10. Greedy vs Dynamic Programming; Knapsack
• Greedy Algorithms: Make a locally optimal choice at each step without rethinking (fast, but not
always optimal overall) 29 . Example: always take the highest-value item that fits.
• Dynamic Programming (DP): Exploits optimal substructure and overlapping subproblems by
storing intermediate results 30 . Guarantees optimal solutions for problems with these properties
(though often slower than greedy).
• Knapsack Problem: Given a set of items (weight, value) and a weight limit, choose items to
maximize total value without exceeding capacity 31 .

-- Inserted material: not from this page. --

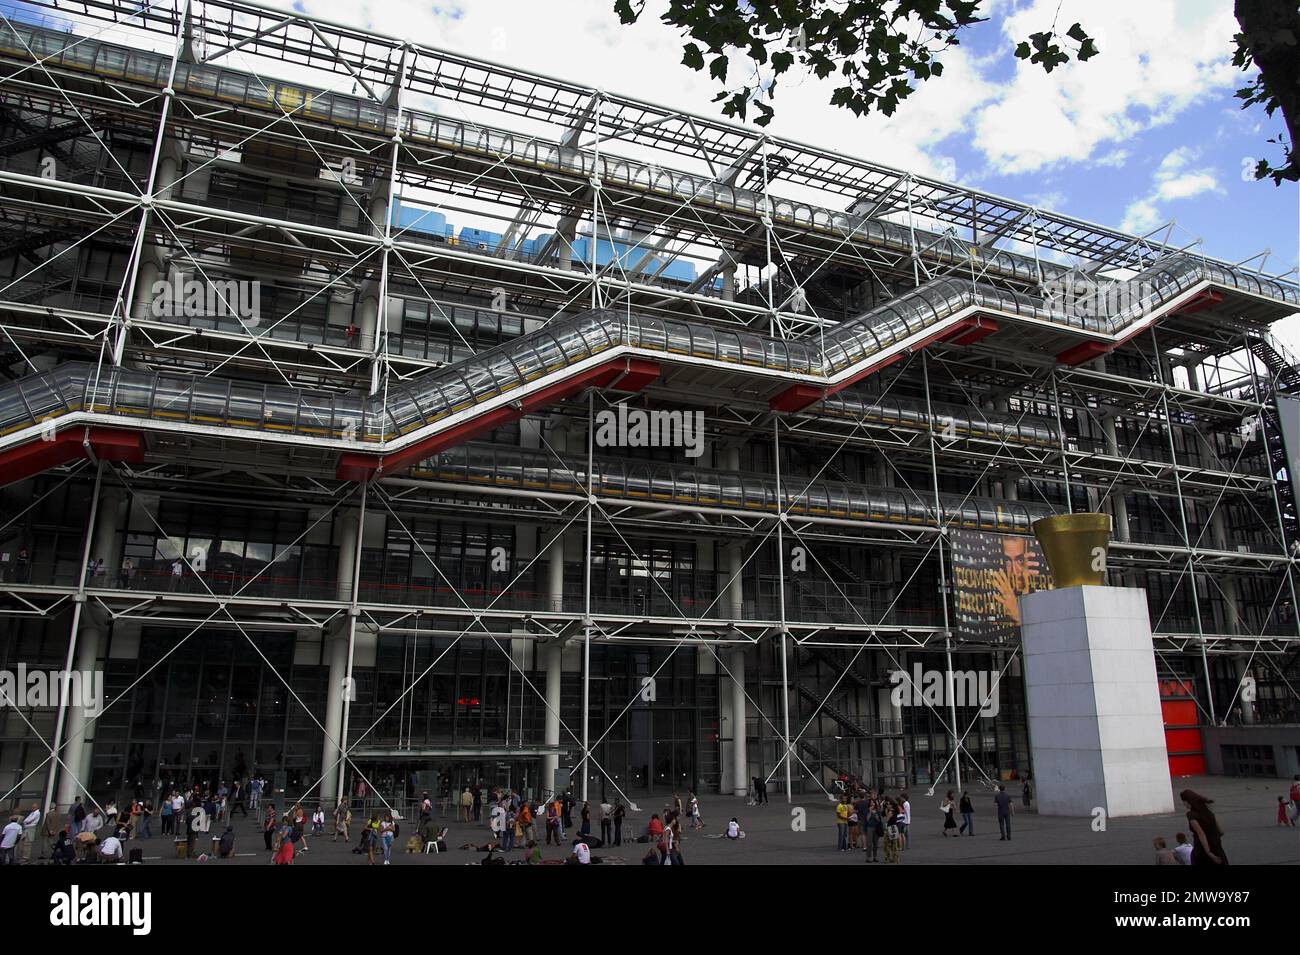 Paryż, Paris, Francja, France, Frankreich, Centre national d'art et de culture Georges-Pompidou; National Center for Art and Culture Georges Pompidou Stock Photo
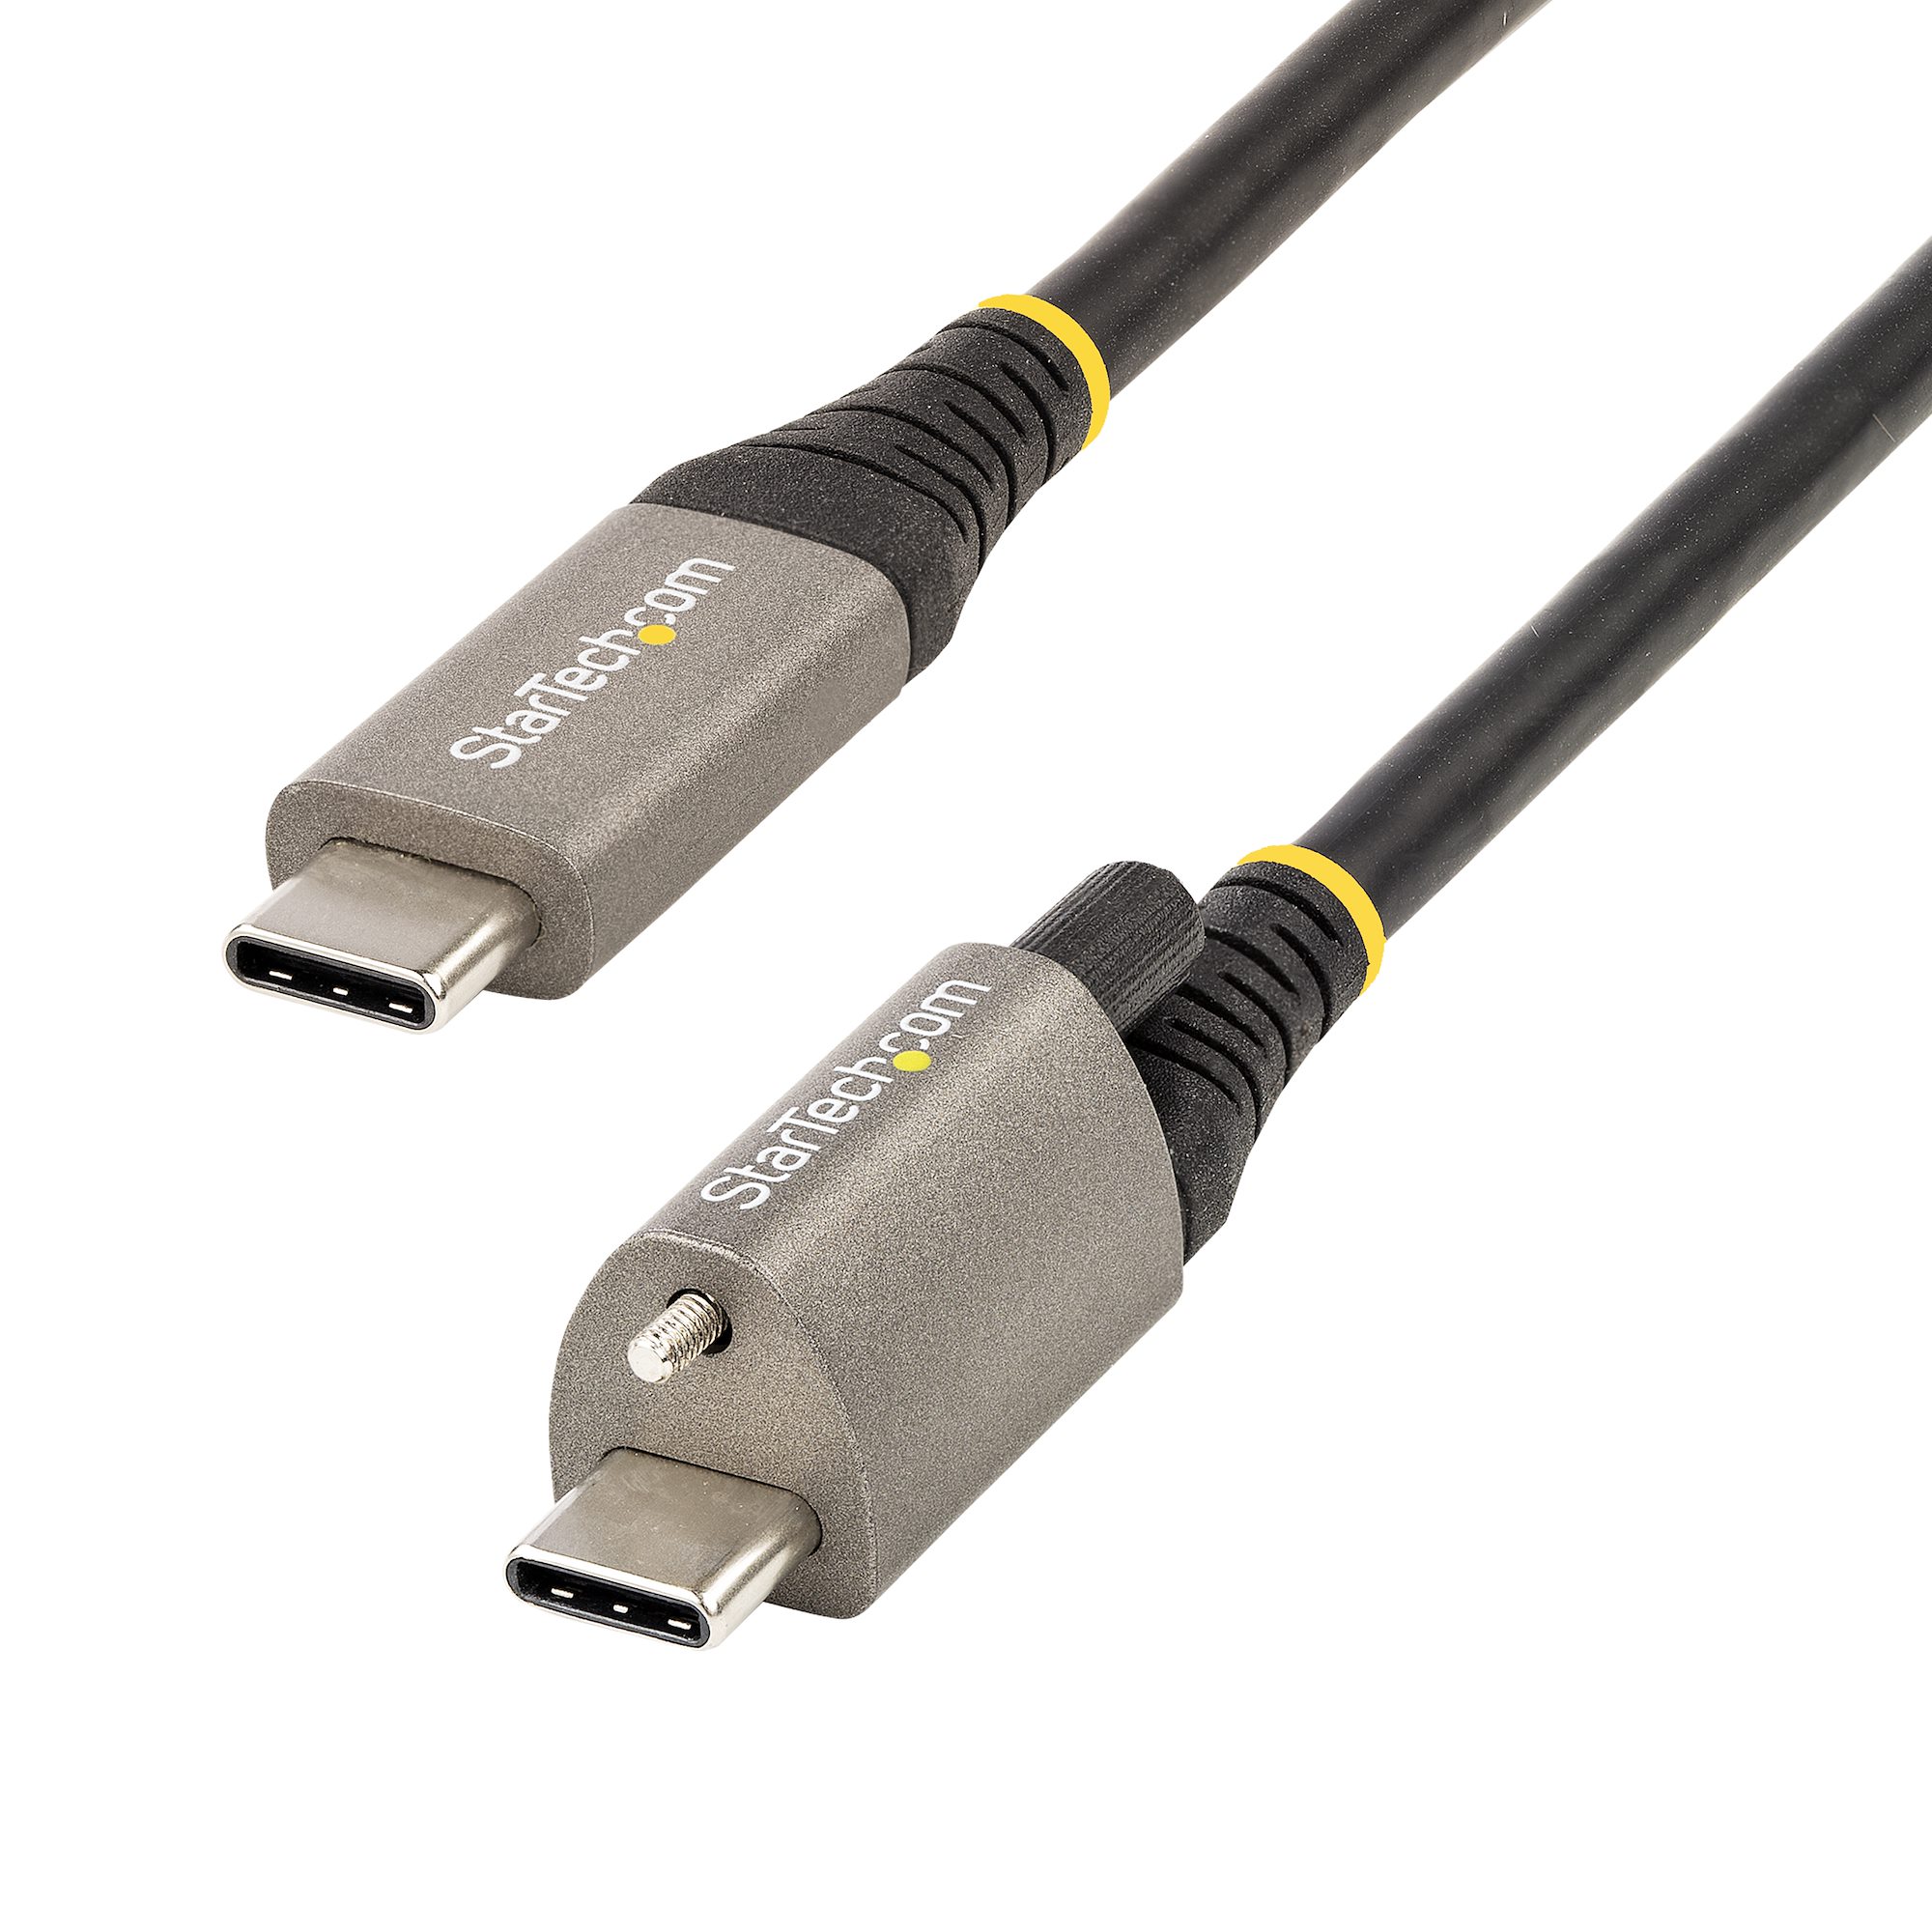 Har råd til Som regel Frontier 3ft Top Screw Locking USB C Cable 10Gbps - USB-C Cables | StarTech.com

• 0/1 Knapsack: Each item must be taken whole or left. Solved optimally by DP (building a table of best
values) in pseudo-polynomial time 32 . Greedy by value/weight is not optimal here.
• Fractional Knapsack: Items can be divided; solve by greedy: sort by value/weight and take highest first
32 . This yields an optimal solution quickly (O(n log n) due to sorting).
11. Divide & Conquer; Other Sorting Algorithms
• Divide & Conquer: Solve by dividing the problem into smaller subproblems, solving each, then
combining results 33 . E.g. Merge Sort (divide array, sort halves, merge).
• Merge Sort: D&C sort. Always Θ(n log n) time, stable.
• Insertion Sort: Builds sorted array one element at a time by shifting. Worst/average Θ(n²); best Θ(n)
for nearly-sorted data. Simple and efficient for small n.
• Selection Sort: Repeatedly select the minimum element and swap into place. Θ(n²) always; simple
but not adaptive.
• Shell Sort: Improved insertion sort with gap sequence. Complexity depends on gap strategy (e.g.
Θ(n^(5/3)) for Pratt’s sequence), generally better than O(n²) on average.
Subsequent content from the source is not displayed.